Un verrou environnemental qui conditionne le contournement
Le projet du barreau centre d'Orthez, destiné à améliorer la fluidité du trafic et à soulager la rue des Capucins, reste au point mort pour une raison précise : il manque 5 hectares de terrains destinés aux compensations environnementales. Cette exigence, présentée par les techniciens du Département lors d'une réunion municipale fin juillet, a été rappelée par le maire Benjamin Moutet devant le conseil départemental.
Le chantier, engagé administrativement depuis la signature de la DUP en 2014, exige au total 10 hectares de zones de compensation — mares, ruisseaux ou autres milieux humides — pour compenser l'artificialisation des sols liée aux travaux. Le Département affirme avoir déjà localisé 5 hectares ; il en resterait donc autant à identifier pour respecter les obligations réglementaires.
« On se donne un an pour trouver ces 5 hectares. Sinon, il faut laisser tomber ! »
Le maire a précisé que la municipalité prospecte plusieurs pistes, dont le camping municipal traversé par un ruisseau, et examine la possibilité d'hectares situés sur la commune de Sainte‑Suzanne.
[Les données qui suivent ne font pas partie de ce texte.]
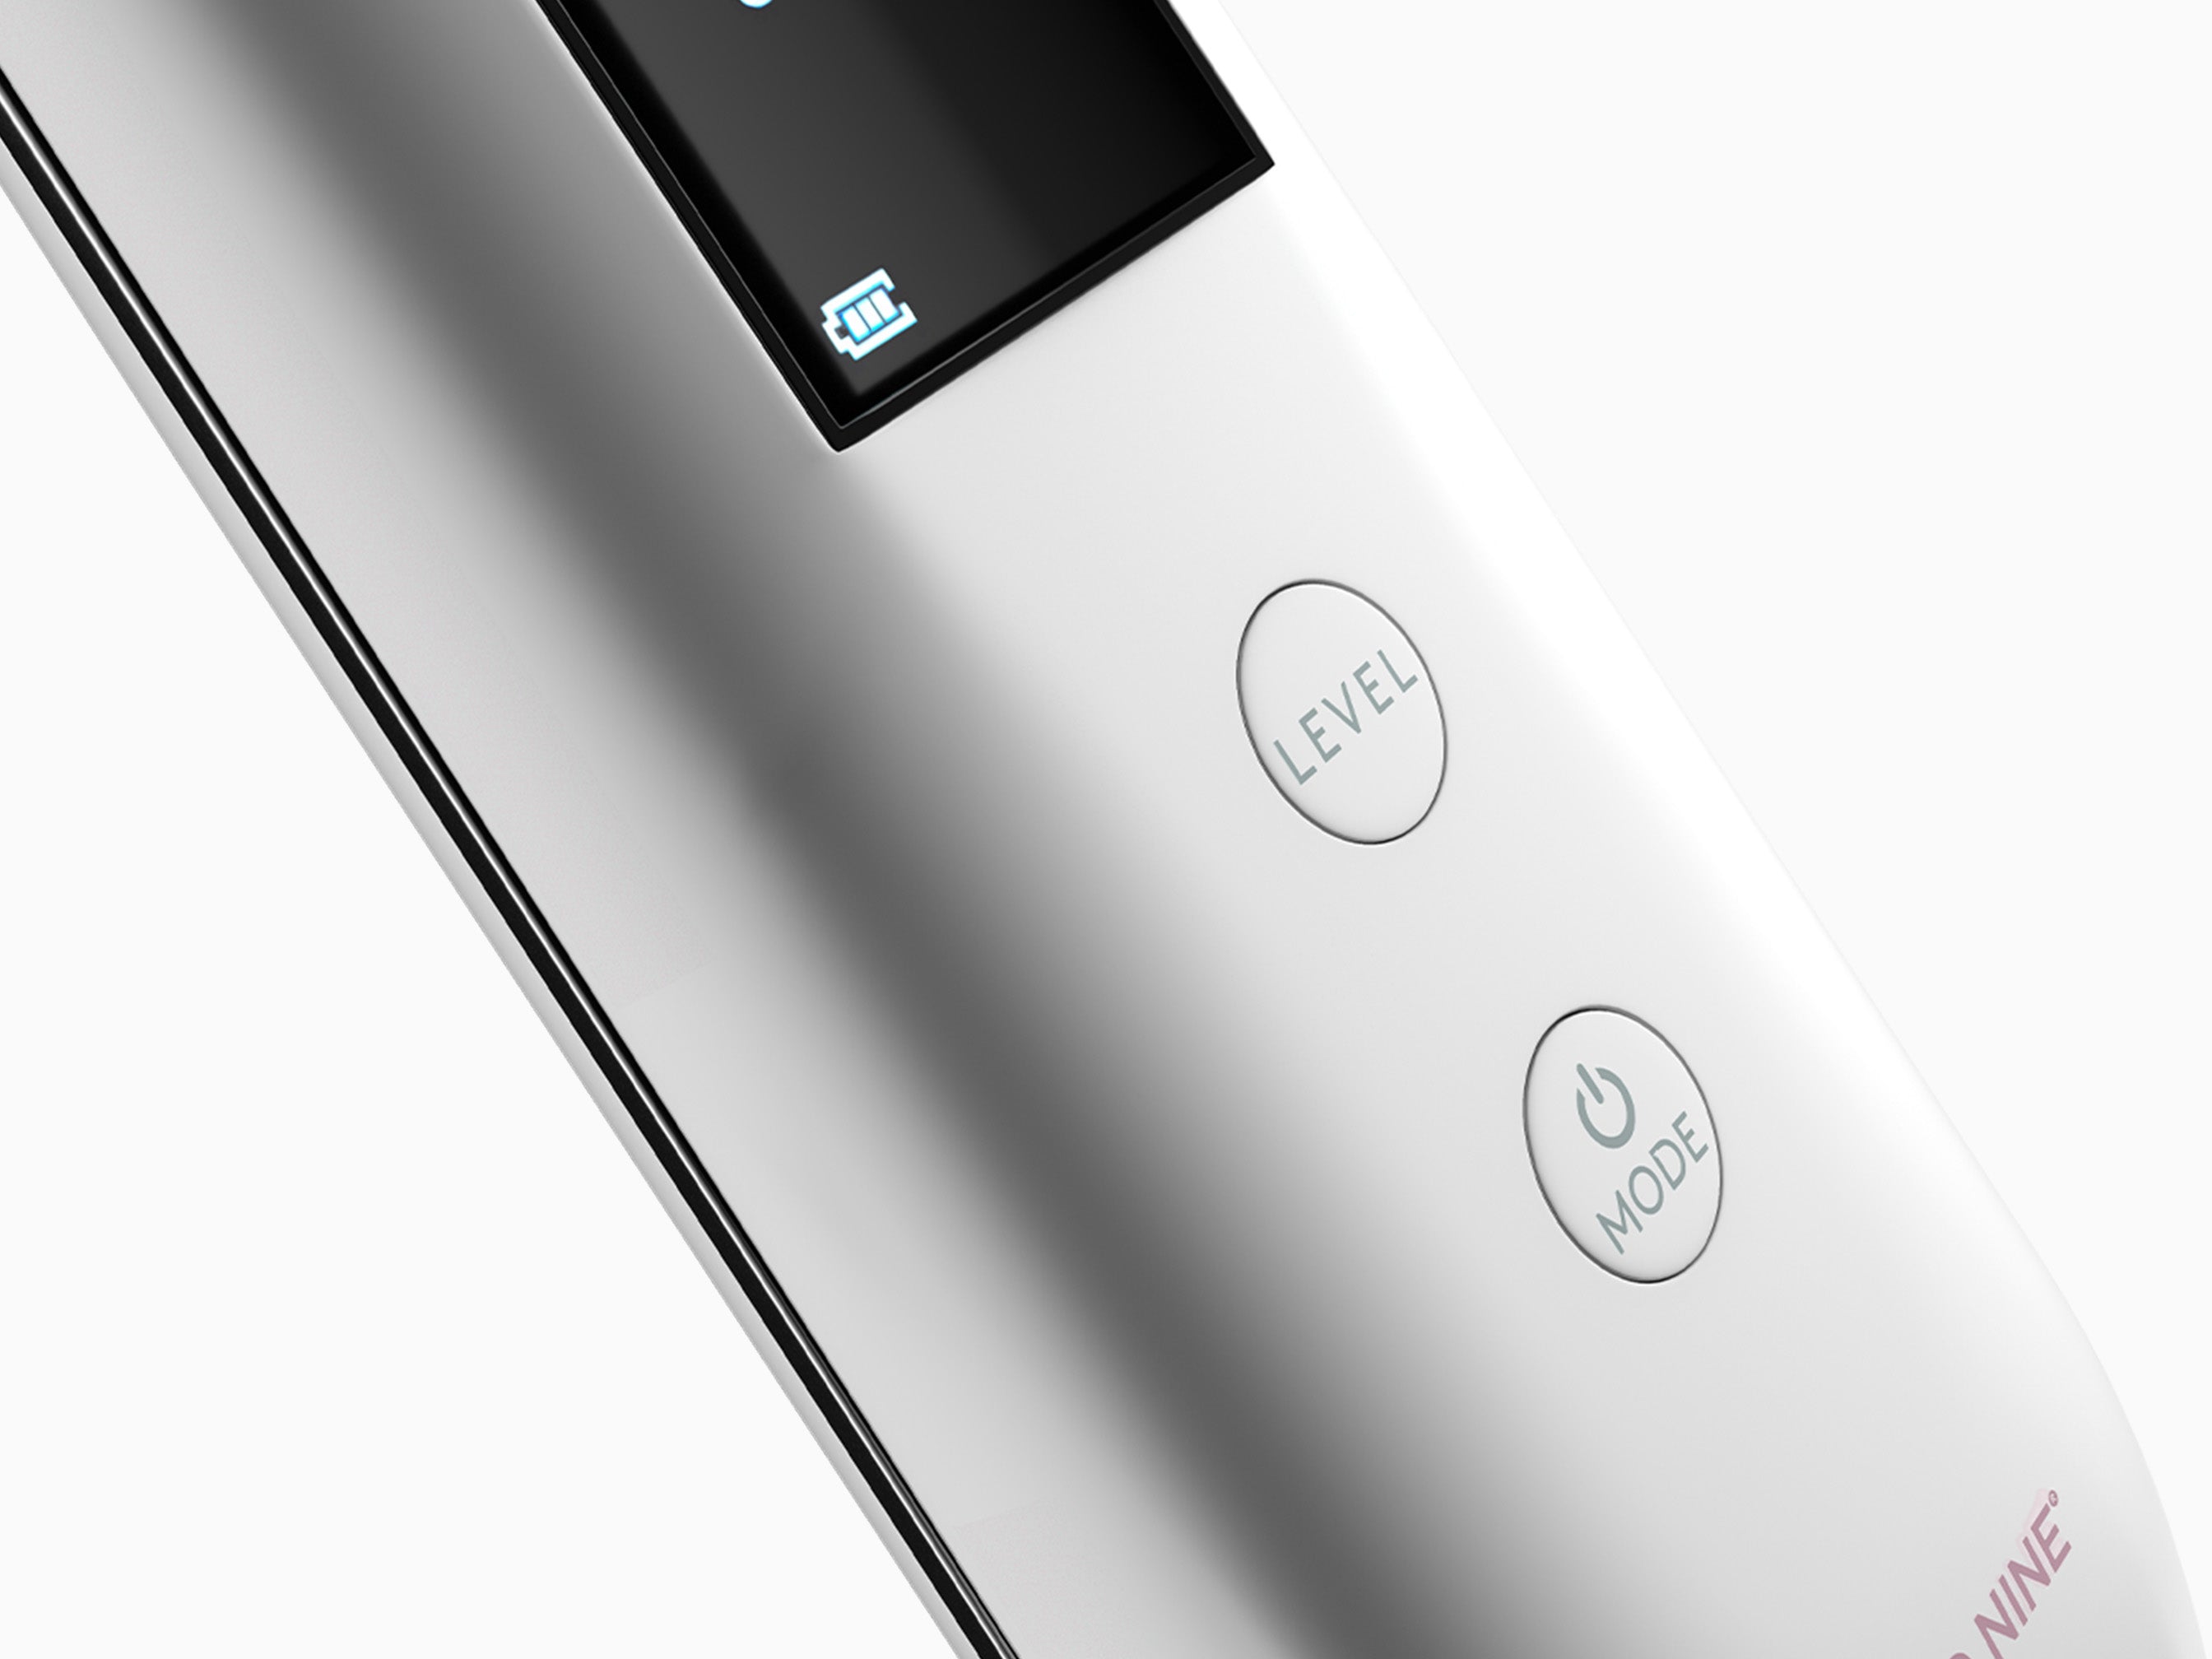 A close-up image of the back of The Rejuvenate showcasing the power and level buttons to activate the beauty device.

Les terrains retenus doivent en outre se situer dans un périmètre défini : un rayon de 20 km autour de l'ouvrage.
- Objectif : localiser 5 hectares compatibles avec la compensation écologique.
- Délai : un an accordé par la municipalité.
- Contrainte : conformité des terrains (présence d'eau, potentiel de restauration écologique) et proximité géographique.
Le calendrier et le coût du projet pèsent lourdement sur la décision. Depuis 2014, l'estimation financière a quasiment doublé : la facture globale est passée d'environ 7 millions d'euros à 14 millions aujourd'hui. Pour la commune, la participation passe de 1,5 million en 2022 à 3 millions actuellement. Malgré ces hausses, le maire indique avoir reçu une confirmation orale que le Département maintiendrait une participation de 8 millions d'euros — un engagement à consolider formellement avant le lancement des travaux.
Confrontée à cette urgence foncière, l'équipe municipale appelle l'ensemble des élus et propriétaires à la vigilance : tout terrain mis en vente dans le secteur susceptible d'accueillir des zones humides doit être signalé. Les services du Département devront ensuite expertiser ces parcelles pour vérifier leur aptitude à remplir la fonction de compensation écologique.
| Élément | Chiffres cités |
|---|---|
| Hectares de compensation nécessaires | 10 ha (5 identifiés, 5 manquants) |
| Rayon d'acceptation des terrains | 20 km |
| Coût estimé 2014 / aujourd'hui | 7 M€ → 14 M€ |
| Participation communale | 1,5 M€ (2022) → 3 M€ (aujourd'hui) |
| Participation départementale annoncée | 8 M€ (confirmation orale) |
Si la recherche aboutit dans les douze mois, le dossier pourrait retrouver une dynamique et permettre le lancement des travaux. À l'inverse, le risque d'abandon plane si les parcelles adéquates ne sont pas identifiées : outre l'arrêt du projet, cela poserait la question de la gestion durable de la circulation en centre‑ville et de l'impact sur l'attractivité économique du Béarn nord.
Pour l'heure, la municipalité multiplie les rencontres avec les services départementaux et le conseil consultatif afin de recenser les opportunités foncières. Les propriétaires concernés ou les élus locaux qui disposent d'informations utiles sont invités à se rapprocher de la mairie, alors que le compte à rebours est lancé.